## Tuesday, May 29, 2018

### What is tunneling?

I first learned about quantum tunneling from science fiction, specifically a short story by Larry Niven.  The idea is often tossed out there as one of those "quantum is weird and almost magical!" concepts.  It is surely far from our daily experience.

Imagine a car of mass $m$ rolling along a road toward a small hill.  Let’s make the car and the road ideal – we’re not going to worry about friction or drag from the air or anything like that.   You know from everyday experience that the car will roll up the hill and slow down.  This ideal car’s total energy is conserved, and it has (conventionally) two pieces, the kinetic energy $p^2/2m$ (where $p$ is the momentum; here I’m leaving out the rotational contribution of the tires), and the gravitational potential energy, $mgz$, where $g$ is the gravitational acceleration and $z$ is the height of the center of mass above some reference level.  As the car goes up, so does its potential energy, meaning its kinetic energy has to fall.  When the kinetic energy hits zero, the car stops momentarily before starting to roll backward down the hill.  The spot where the car stops is called a classical turning point.  Without some additional contribution to the energy, you won’t ever find the car on the other side of that hill, because the shaded region is “classically forbidden”.  We’d either have to sacrifice conservation of energy, or the car would have to have negative kinetic energy to exist in the forbidden region.  Since the kinetic piece is proportional to $p^2$, to have negative kinetic energy would require $p$ to be imaginary (!).

However, we know that the car is really a quantum object, built out of a huge number (more than $10^27$) other quantum objects.  The spatial locations of quantum objects can be described with “wavefunctions”, and you need to know a couple of things about these to get a feel for tunneling.  For the ideal case of a free particle with a definite momentum, the wavefunction really looks like a wave with a wavelength $h/p$, where $h$ is Planck’s constant.  Because a wave extends throughout all space, the probability of finding the ideal free particle anywhere is equal, in agreement with the oft-quoted uncertainty principle.

Here’s the essential piece of physics:  In a classically forbidden region, the wavefunction decays exponentially with distance (mathematically equivalent to the wave having an imaginary wavelength), but it can’t change abruptly.  That means that if you solve the problem of a quantum particle incident on a finite (in energy and spatial size) barrier from one side, there is always some probability that the particle will be found on the far side of the classically forbidden region.

This means that it’s technically possible for the car to “tunnel” through the hillside and end up on the downslope.  I would not recommend this as a transportation strategy, though, because that’s incredibly unlikely.  The more massive the particle, and the more forbidden the region (that is, the more negative the classical kinetic energy of the particle would have to be in the barrier), the faster the exponential decay of the probability of getting through.  For a 1000 kg car trying to tunnel through a 10 cm high speed bump 1 m long, the probability is around exp(-2.7e20).  That kind of number is why quantum tunneling is not an obvious part of your daily existence.  For something much less massive, like an electron, the tunneling probability from, say, a metal tip to a metal surface decays by around a factor of $e^2$ for every 0.1 nm of tip-surface distance separation.  It’s that exponential sensitivity to geometry that makes scanning tunneling microscopy possible.
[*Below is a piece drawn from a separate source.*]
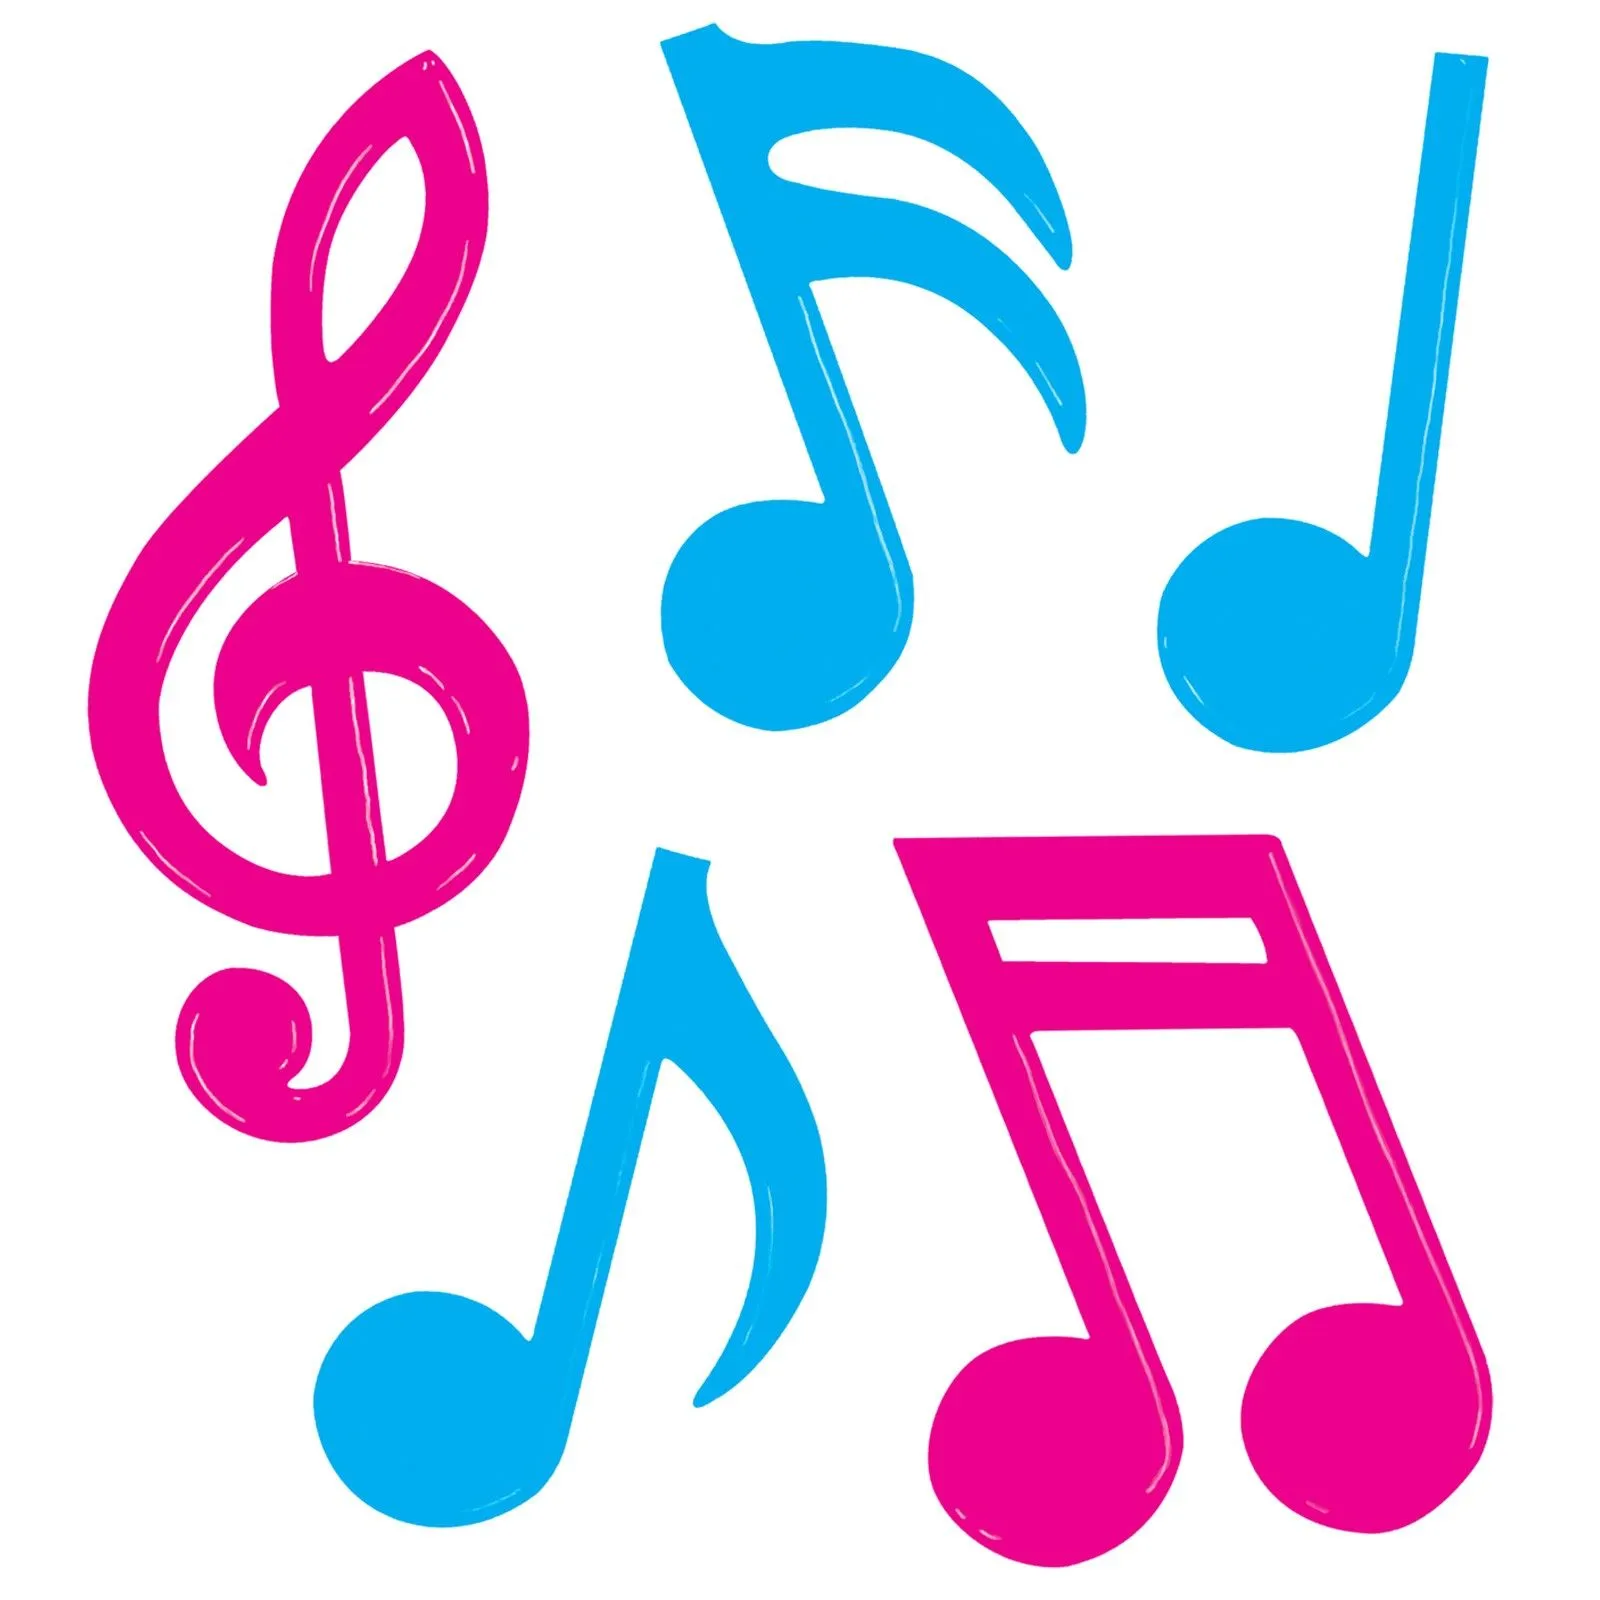 notas musicales 3d - Buscar con Google | fondos | Pinterest | 3d ...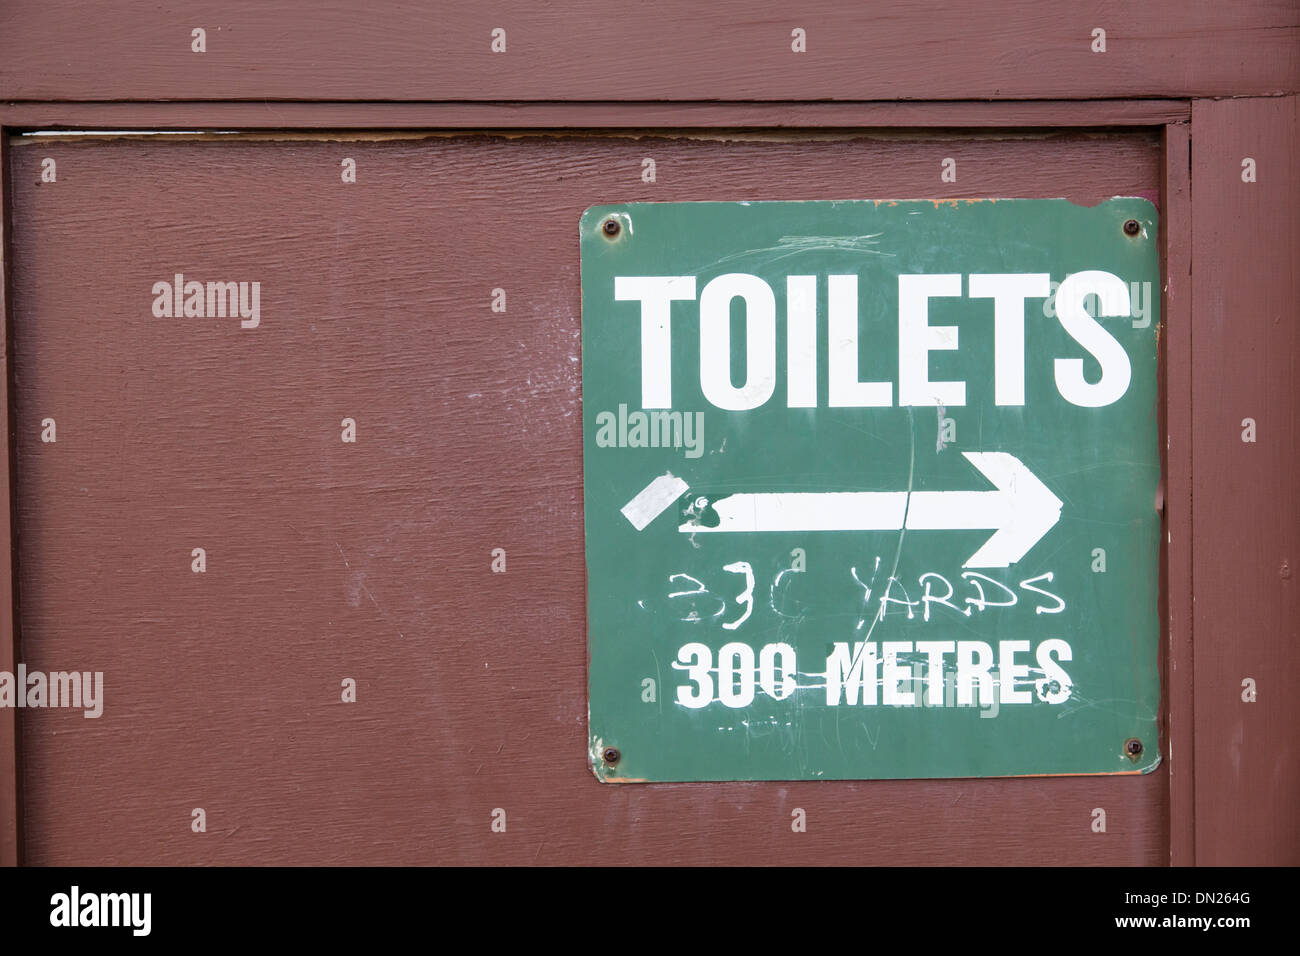 Signer pour les toilettes publiques sur le mur donnant la distance en mètres biffé et remplacé avec yards. Banque D'Images

However, quantum tunneling is very much a part of your life.  Protons can tunnel through the repulsion of their positive charges to bind to each other – that’s what powers the sun.  Electrons routinely tunnel in zillions of chemical reactions going on in your body right now, as well as in the photosynthesis process that drives most plant life.

On a more technological note, tunneling is a key ingredient in the physics of flash memory.  Flash is based on field-effect transistors, and as I described the other day, transistors are switched on or off depending on the voltage applied to a gate electrode.  Flash storage uses transistors with a “floating gate”, a conductive island surrounded by insulating material, some kind of glassy oxide.  Charge can be parked on that gate or removed from it, and depending on the amount of charge there, the underlying transistor channel is either conductive or not.   How does charge get on or off the island?  By a flavor of tunneling called field emission.  The insulator around the floating gate functions as a potential energy barrier for electrons.  If a big electric field is applied via some other electrodes, the barrier’s shape is distorted, allowing electrons to tunnel through it efficiently.  This is a tricky aspect of flash design.  The barrier has to be high/thick enough that charge stuck on the floating gate can stay there a very long time - you wouldn’t want the bits in your SSD or your flash drive losing their status on the timescale of months, right? - but ideally tunable enough that the data can be rewritten quickly, with low error rates, at low voltages.

#### 1 comment:

Mike S said...

Great post, the clearest explanation of tunneling I've ever read. You have a talent for explaining complex subjects to people with no special training in that field.